In <11>, <2>, <4>, <6>, and <8>, the mucin is a secretory mucin.
<12> A gastrointestinal mucosa protective agent containing bethulinic acid or a salt thereof as an active ingredient.
<13> A dry eye preventive or ameliorating agent containing bethulinic acid or a salt thereof as an active ingredient.
<14> A respiratory tract infection protective agent containing bethulinic acid or a salt thereof as an active ingredient.

Example 1 Analysis of AGR2 gene expression promoting effect Human normal epidermal cells (NHEK) were ^{cultured using EpiLife® (purchased from Kurabo) under 37 ° C. and 5% CO 2} conditions. The cells were seeded on a 12-well plate at 1 × 10 ⁵ cells, cultured for 24 hours, the medium was replaced with a serum-free medium, and the test substance was prepared to a final concentration (100 nM to 1 μM) and added to the medium. bottom. After culturing for 1 day, total RNA was extracted from the cells using Maxwell 16 LEV simplicity RNA kit (Promega). The concentration of total RNA was measured, and a reverse transcription reaction was carried out using a constant amount of total RNA. A high capacity RNA-to- cDNA kit (life technologies) was used for the reverse transcription reaction.

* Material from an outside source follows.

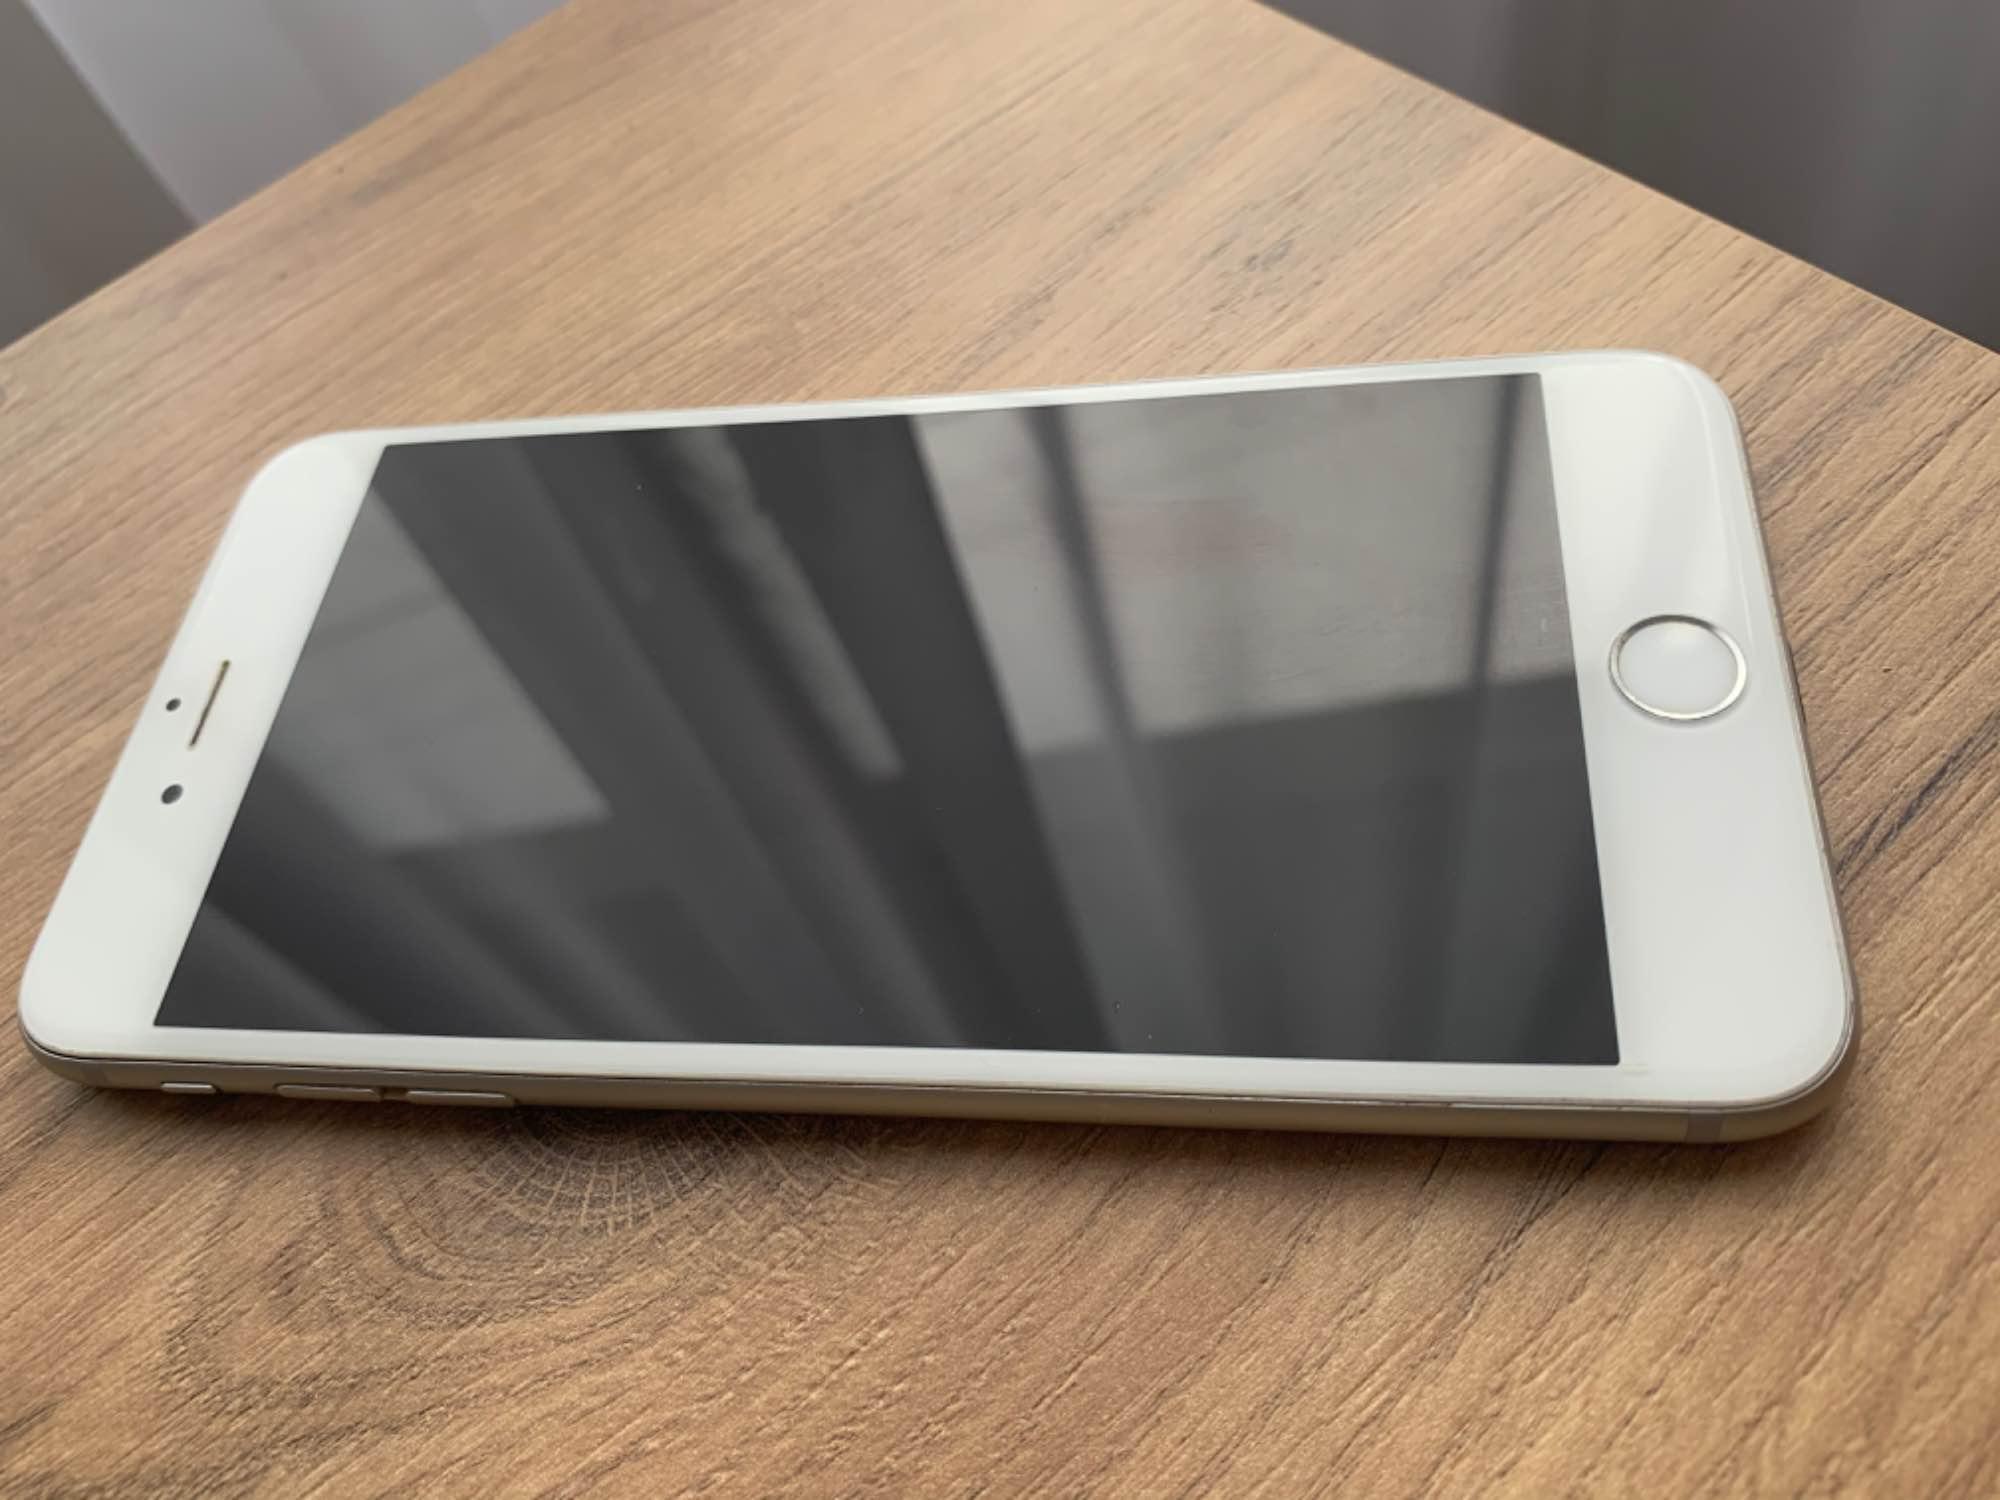 Telefon iPhone 6s Plus 16GB Lubawa - zdjęcie 2

From the obtained cDNA, the gene expression of AGR2 was quantified by Real-Time PCR. For quantification, Taqman (registered trademark) Probe (AGR2: Hs00180702_m1, life technologies) was used, and PRISM 7500 (life technologies) was detected and quantified. In a 20 μL reaction system, the amplification conditions were 95 ° C., 15 seconds of denaturation reaction, 60 ° C., 1 minute of annealing, and extension reaction. The gene expression level was corrected by the expression level of RPLP0 (Hs9999999902_m1, life technologies), and was shown as a relative value when the expression level of AGR2 in the sample-free (solvent only) control was 1. The results are shown in Table 1.

Example 2 Analysis of AGR2 protein expression promoting action Human normal epidermal cells (NHEK) were ^{cultured using EpiLife® (purchased from Kurabo) under 37 ° C. and 5% CO 2} conditions. The cells were seeded on a 12-well plate at 1 × 10 ⁵ cells, cultured for 24 hours, the medium was replaced with a serum-free medium, and the test substance was prepared to a final concentration (10 μM) and added to the medium. After culturing for 1 day, the cells were solubilized using a solubilizing solution [RIPA Buffer (Sigma)] to prepare a protein extract. The protein mass concentration was measured, and Sample Buffer (Themo Scientific) and 100 mM DTT were added to a sample having a certain amount of protein mass, and heat treatment (95 ° C. for 5 min) was performed. Electrophoresis was performed on a 4-20% Gradient gel (Bio-Rad) and transferred to a PVDF membrane on a Trans-Blot Turbo (Bio-Rad). After locking with 5% skim milk solution for 1 hour, the reaction was carried out with a primary antibody (anti-AGR2, abcam) (4 ° C., O / N). After reacting with a secondary antibody (anti-Rabbit IgG HRP conjugate, GE Healthcare) for 1 hour, it was made to emit light with a Clarity Western ECL Substrate (Bio-Rad). For detection, LAS-4000 (Fujifilm) was used. After that, the antibody was removed with Restore Western Blot Stripping Buffer (Themo Scientific), and again the primary antibody (anti-Actin, Horseradish) was used to detect the secondary antibody (anti-Goat IgG HRP reaction), and the secondary antibody (anti-Goat IgG HRP reaction) was detected. Was done. The protein expression level was corrected by the expression level of Actin, and was shown as a relative value when the expression level of AGR2 in the sample-free (solvent only) control was 1. The results are shown in Table 2.

Claims (4)

AGR2 expression promoter containing bethulinic acid or a salt thereof as an active ingredient (except when used for the prevention or treatment of gastric ulcer or asthma) . The AGR2 expression promoter according to claim 1, which is used as a preventive or ameliorating agent for dry eye. Foods for promoting AGR2 expression containing bethulinic acid or a salt thereof as an active ingredient (except when used for the prevention or treatment of gastric ulcer or asthma) . The food for promoting AGR2 expression according to claim 3, which is used as a food for preventing or improving dry eye.